Lo scisma d’occidente e la creazione dello “Stato Pontificio”

La morte di Gregorio XI, ad un anno dal rientro a Roma dalla sede di Avignone (clicca qui per approfondire il periodo avignonese), portò allo scisma d’occidente.

Il conclave elesse papa un cardinale di origine napoletana, tale Bartolomeo Prignano (qui sibi nomen imposuit Urbanus VI), ma i cardinali francesi (per natura ostili ai napoletani, così come i napoletani nei loro confronti) non lo accettarono come loro pontefice ragion per cui abbandonarono Roma ed elessero, come papa, presso Fondi tale Roberto di Ginevra che prese il nome di Clemente VII. La situazione era questa: due erano i pontefici in carica all’interno della chiesa cattolica, lo scisma fu inevitabile.

La comparsa di due fazioni di cardinali, romana e francese, portò ad una crisi politica generale in tutta Europa, dato che alcuni paesi furono fedeli a Roma, altri ad Avignone.

Martino V

Per parlare di vero e proprio inizio della formazione dello Stato Pontificio si deve attendere il Concilio di Costanza (1414-1418) con il quale si pose fine allo scisma con l’elezione del papa Martino V. Dunque il periodo compreso tra i pontificati di Martino V e Sisto V è da considerarsi il vero periodo della formazione dello Stato Pontificio.
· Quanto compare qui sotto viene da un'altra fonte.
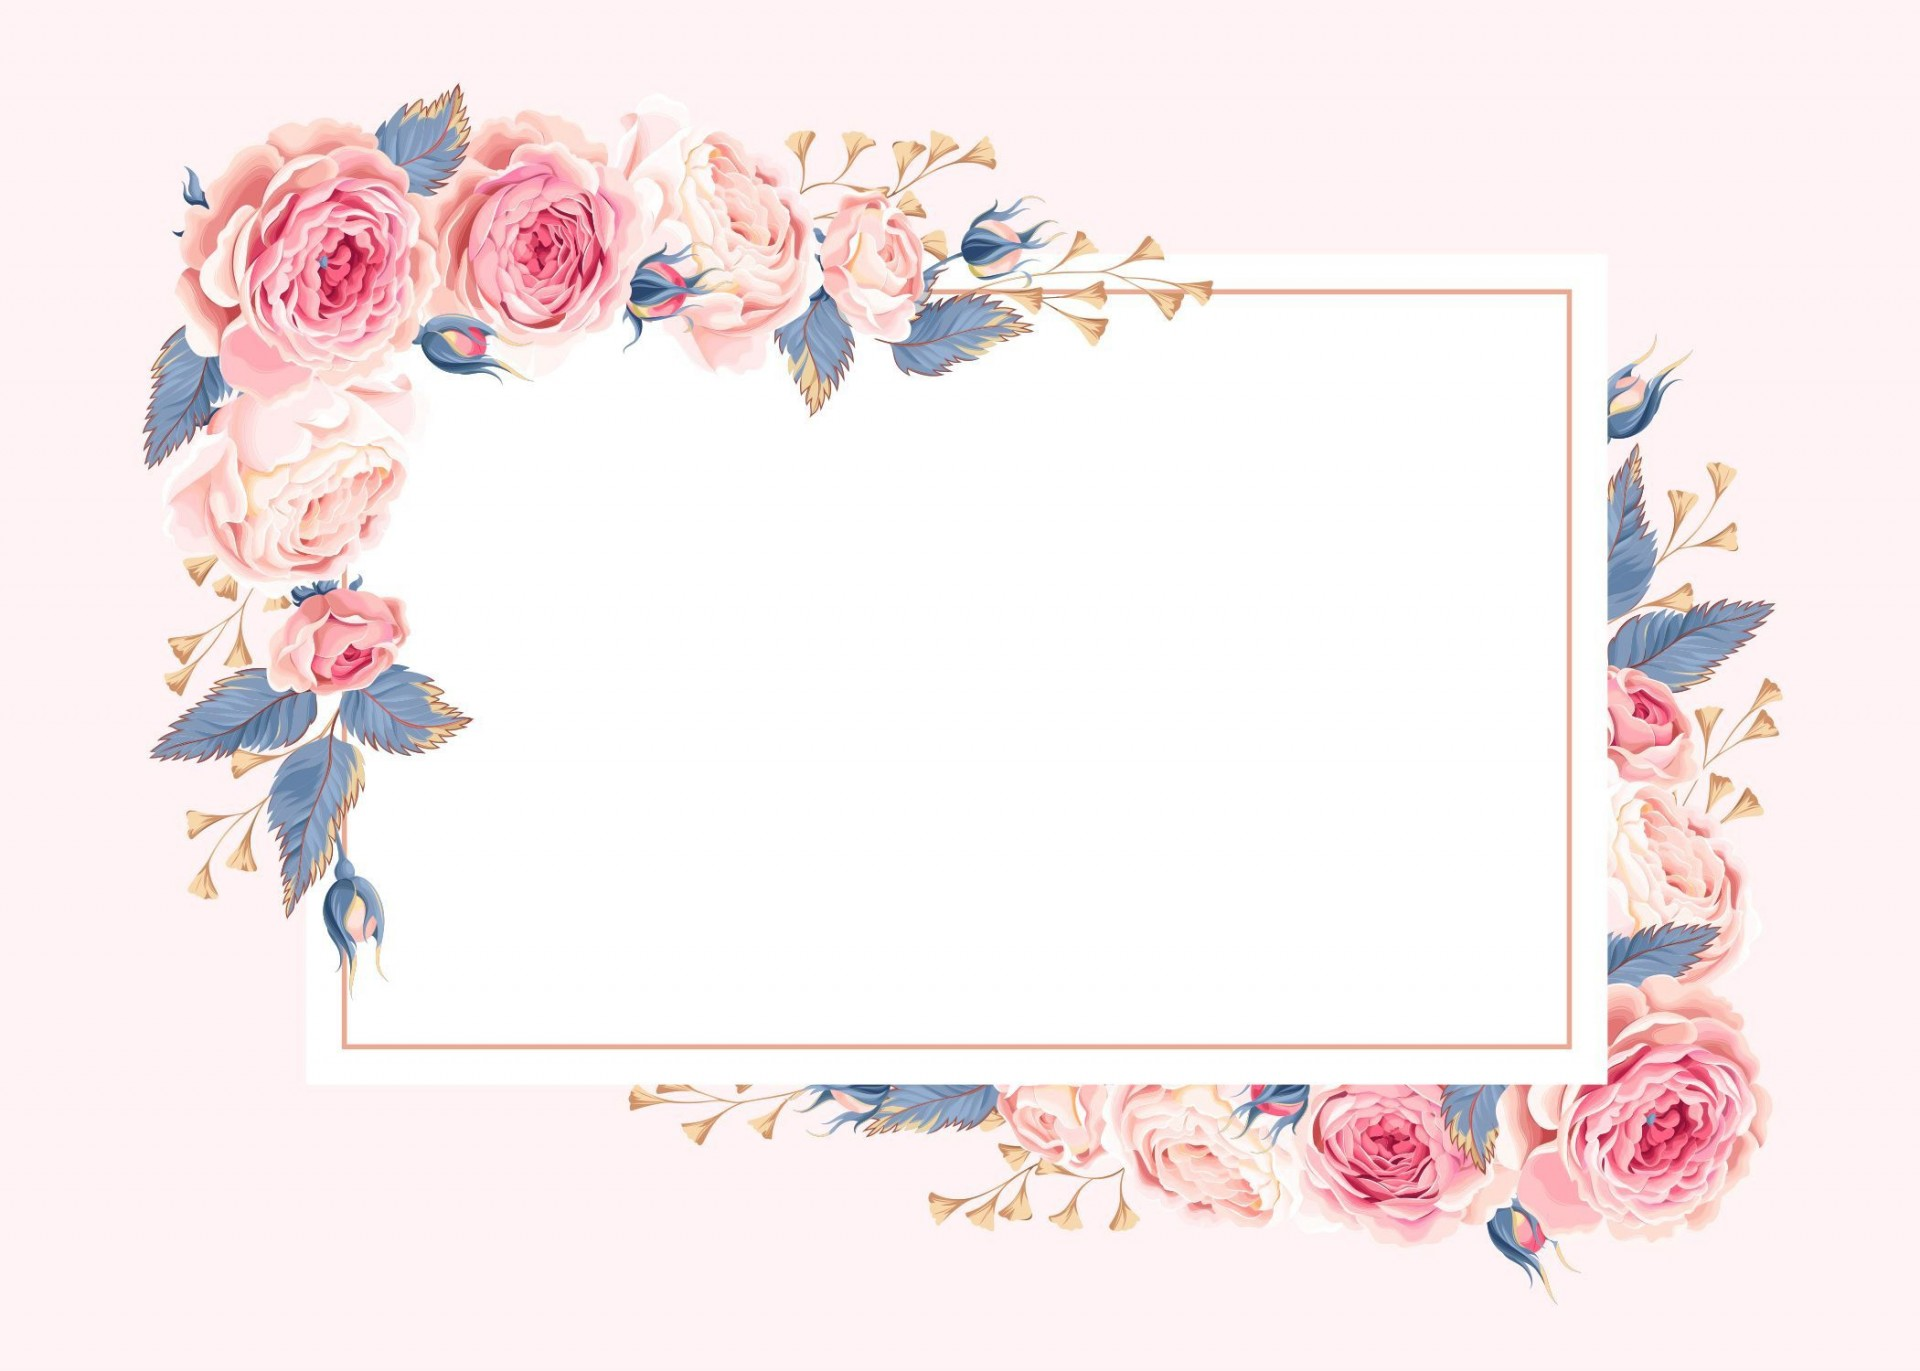 005 Breathtaking Printable Greeting Card Template Design  Templates Print Free Birthday1920

Sono stati necessari ben 22 successori di Pietro. L’epoca del superamento delle signorie e della nascita dei principati vedrà sorgere anche quello papale, ma sarà un principato particolare.

All’interno di questa particolarità si inseriscono le capitolazioni. Il papato, all’interno delle città, oltre ad intervenire militarmente, cercò l’appoggio delle fazioni a lui favorevoli concludendo delle capitolazioni ovvero degli accordi tra Stato papale e città, all’interno dei quali si riconosceva la sovranità del pontefice, il quale, in cambio, lasciava una certa autonomia permettendo di mantenere i propri statuti.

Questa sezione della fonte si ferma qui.